Все эти факты позволяют нам мельком увидеть, как клан был способен пробудить внутри своих членов идею о том, что вне их существуют силы, которые доминируют над ними и в то же время поддерживают их, то есть, в конечном счете, религиозные силы: это потому, что нет общества, с которым примитив более непосредственно и тесно связан. Связи, объединяющие его с племенем, гораздо более свободны и более слабо ощущаются. Хотя это вовсе не странно или чуждо ему, именно с людьми своего собственного клана он имеет наибольшее количество вещей общего; именно действие этой группы он чувствует наиболее непосредственно; поэтому именно это также, в предпочтение всем другим, должно выражать себя в религиозных символах.
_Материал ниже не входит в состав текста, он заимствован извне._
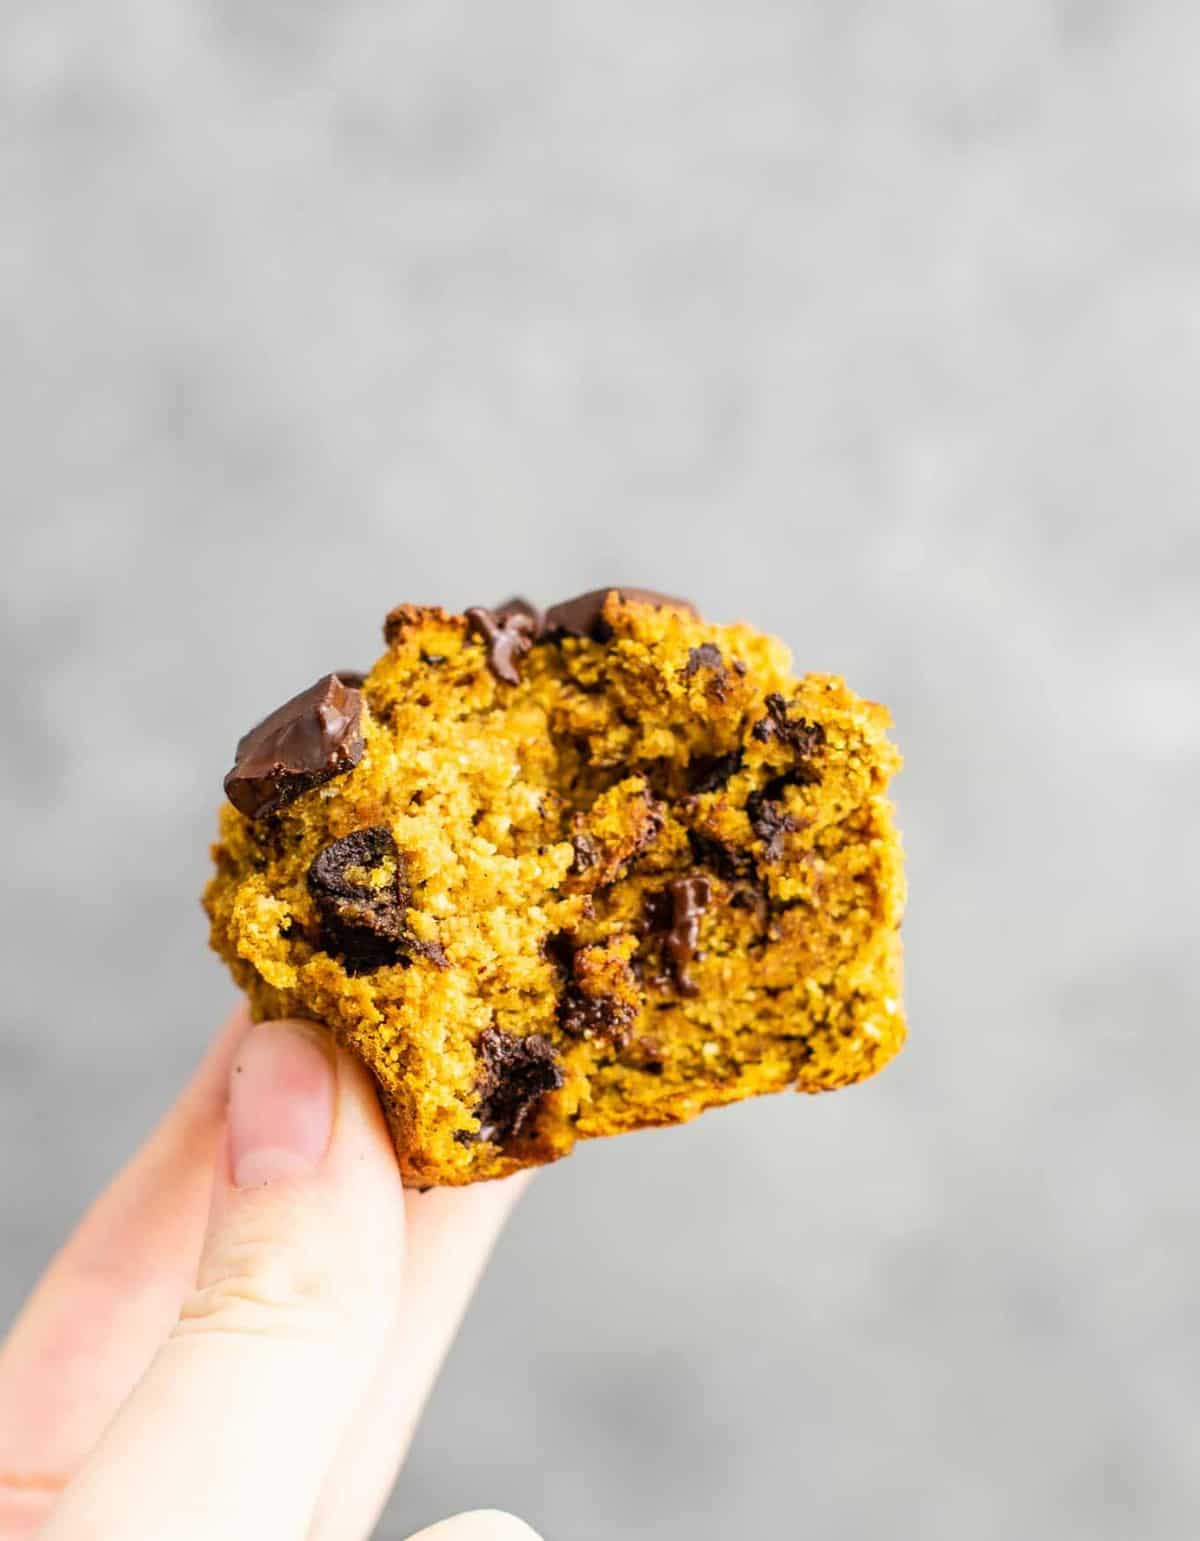 Gluten free pumpkin muffins with dark chocolate chips – these are AMAZING! And they don’t fall apart like a lot of gluten free stuff (they use oat flour and coconut flour) #glutenfree #pumpkinmuffins #pumpkinrecipes #healthyrecipes #muffins #healthymuffins #glutenfreemuffins

Но это первое объяснение было слишком общим, ибо оно применимо к любому роду общества безразлично, и, следовательно, к любому роду религии. Давайте попытаемся определить точно, какую форму это коллективное действие принимает в клане и как оно пробуждает ощущение священности там. Ибо нет места, где оно было бы более легко наблюдаемо или более очевидно в своих результатах.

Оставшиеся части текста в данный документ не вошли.